**Task description**: Write out the lines of the material below exactly, beginning at the line with "FreeBitco.in referral code: 17408778" and stopping after the line with "The Hunt for David Berman [Book]", and leave out the pictures.

**Data supplied**:
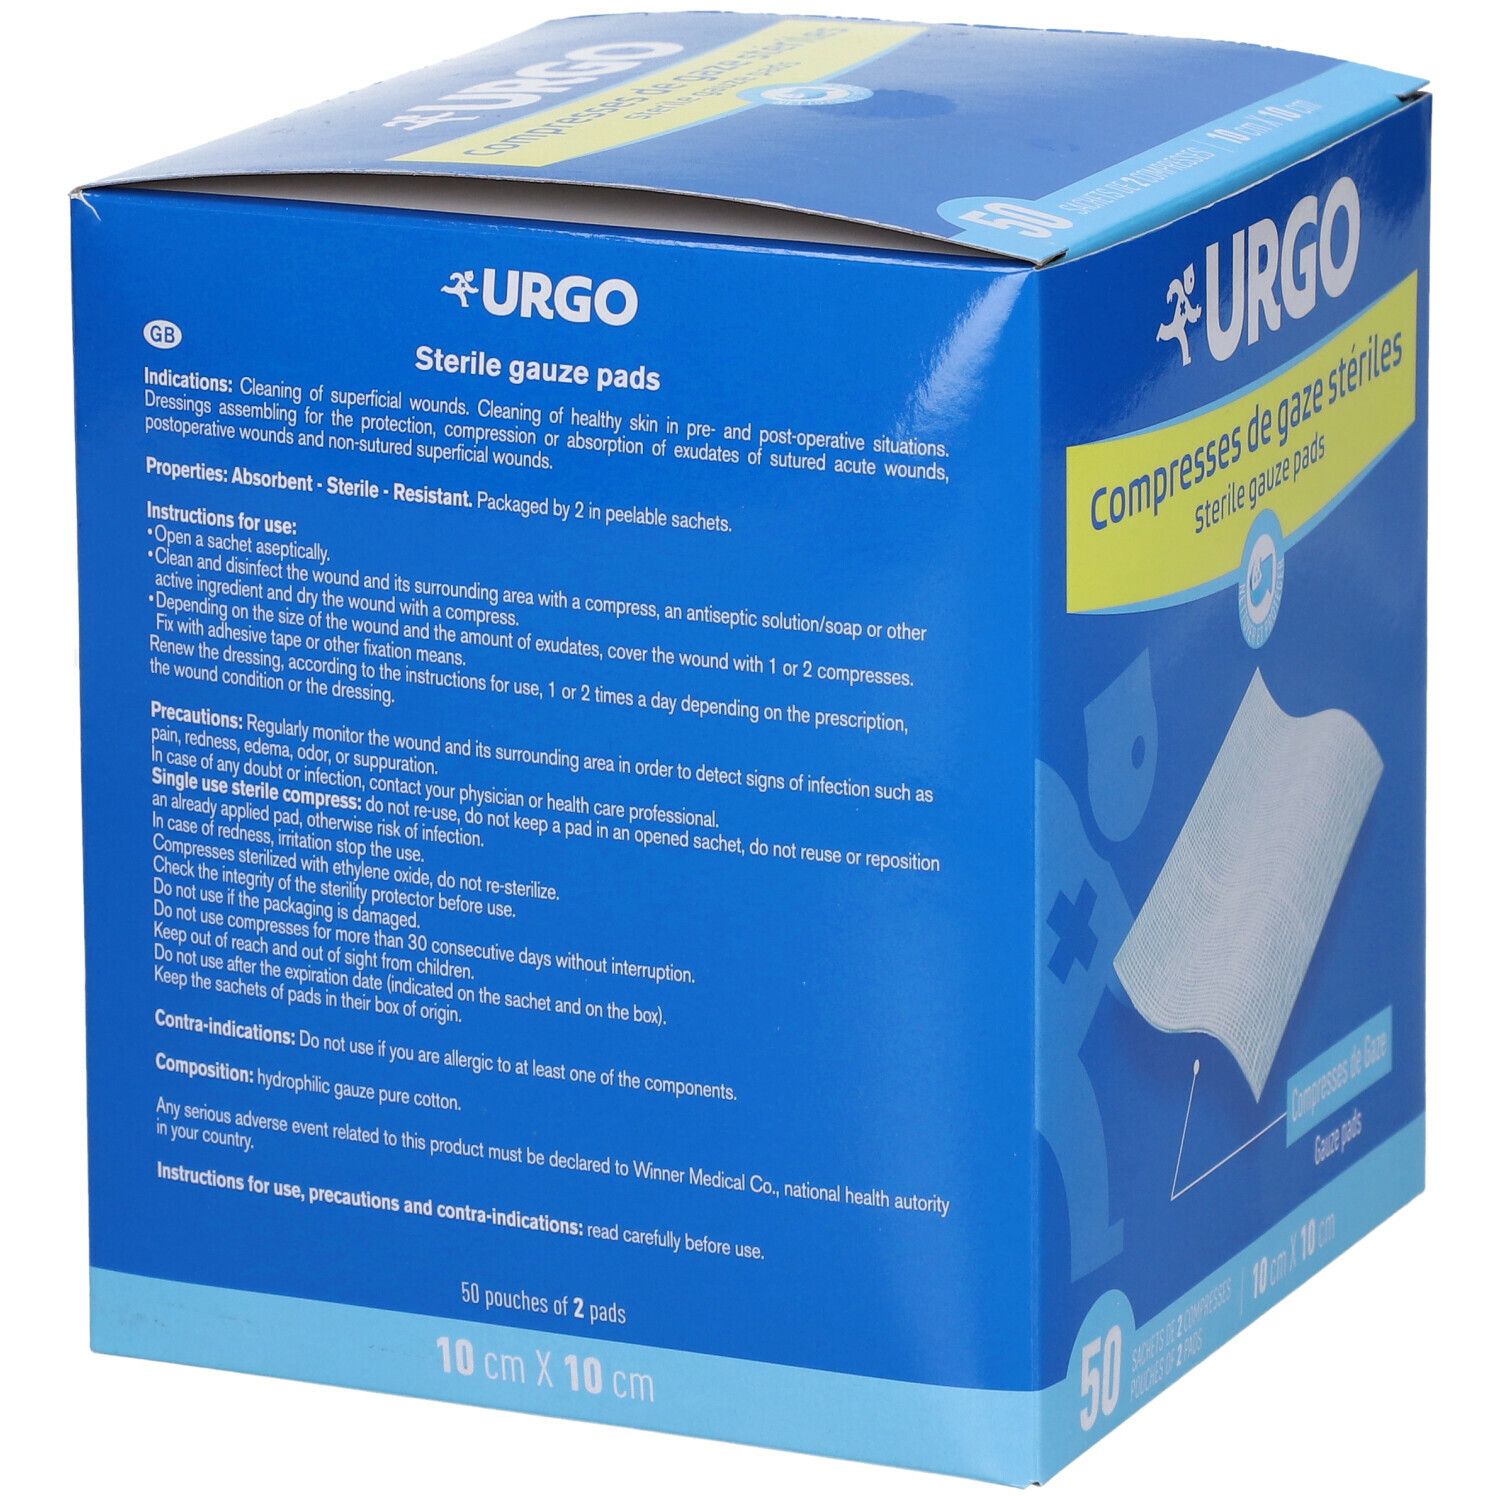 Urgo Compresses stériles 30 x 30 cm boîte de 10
* * *
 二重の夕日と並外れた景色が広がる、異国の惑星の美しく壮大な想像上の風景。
* * *
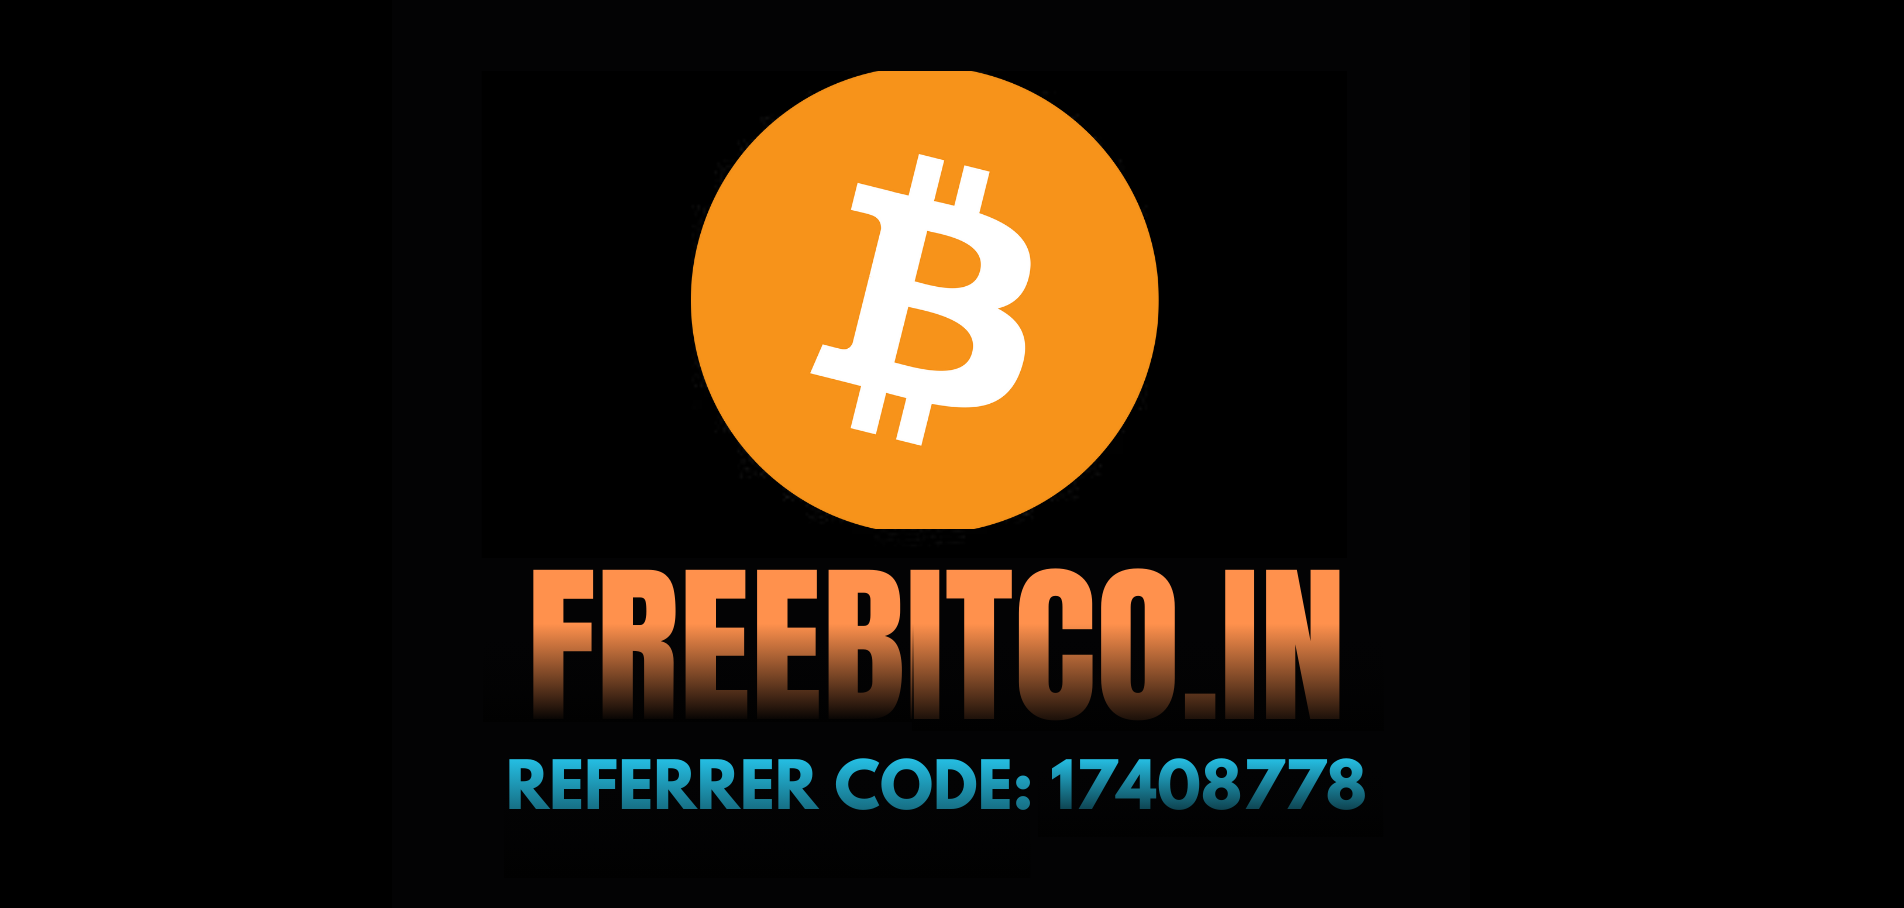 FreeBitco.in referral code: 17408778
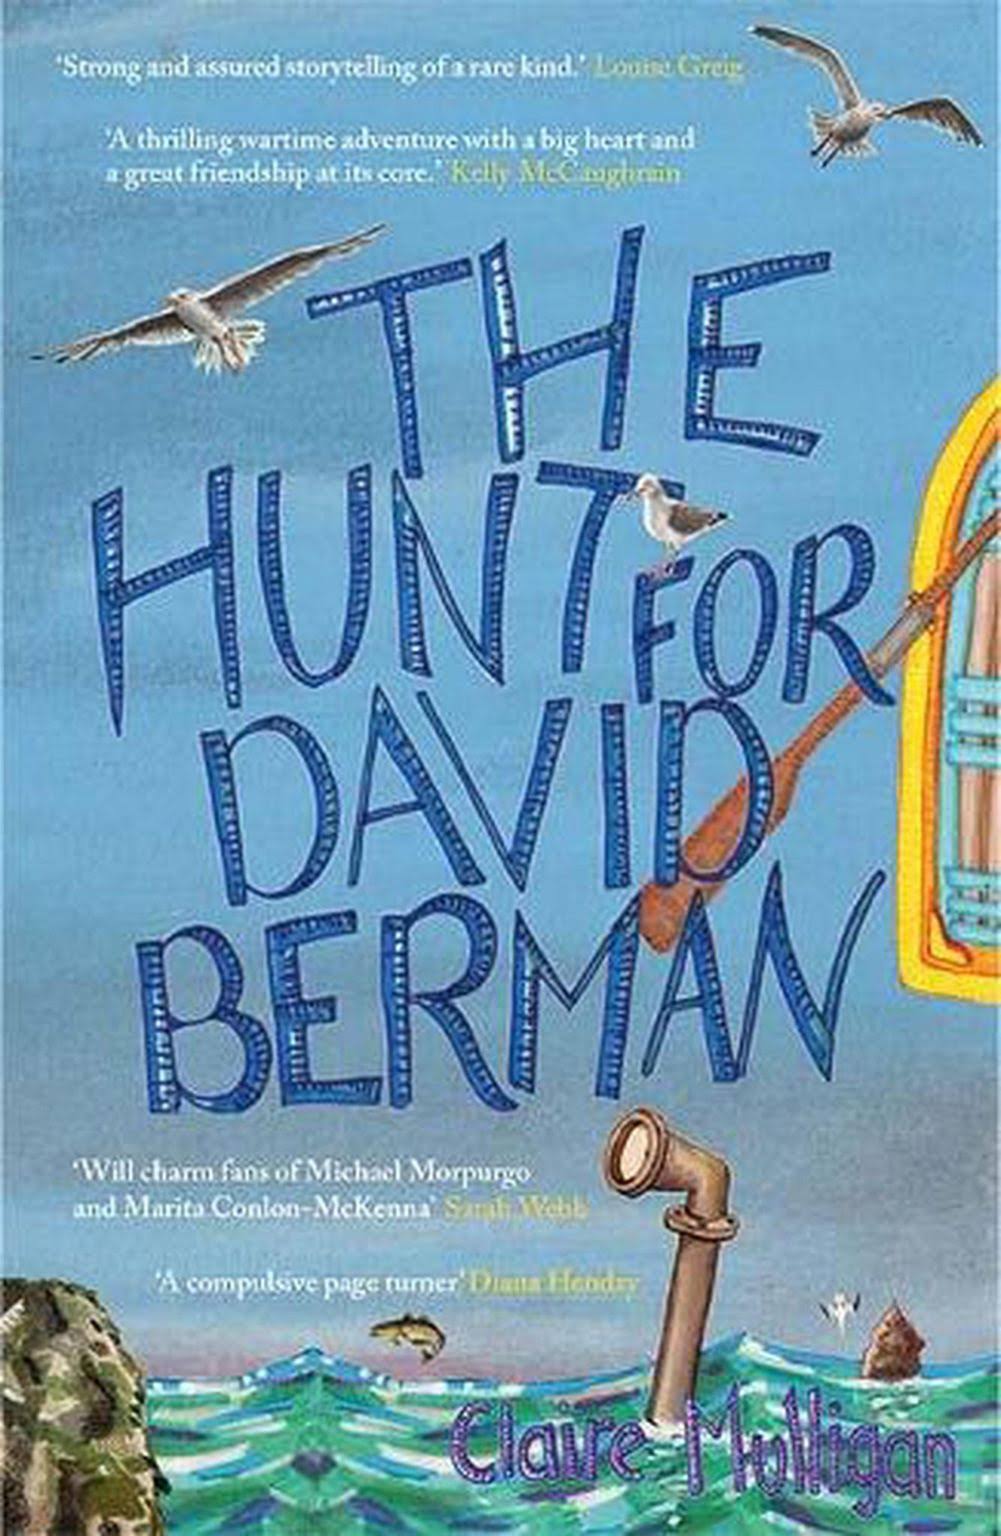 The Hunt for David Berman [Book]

**Your solution**:
 FreeBitco.in referral code: 17408778
 The Hunt for David Berman [Book]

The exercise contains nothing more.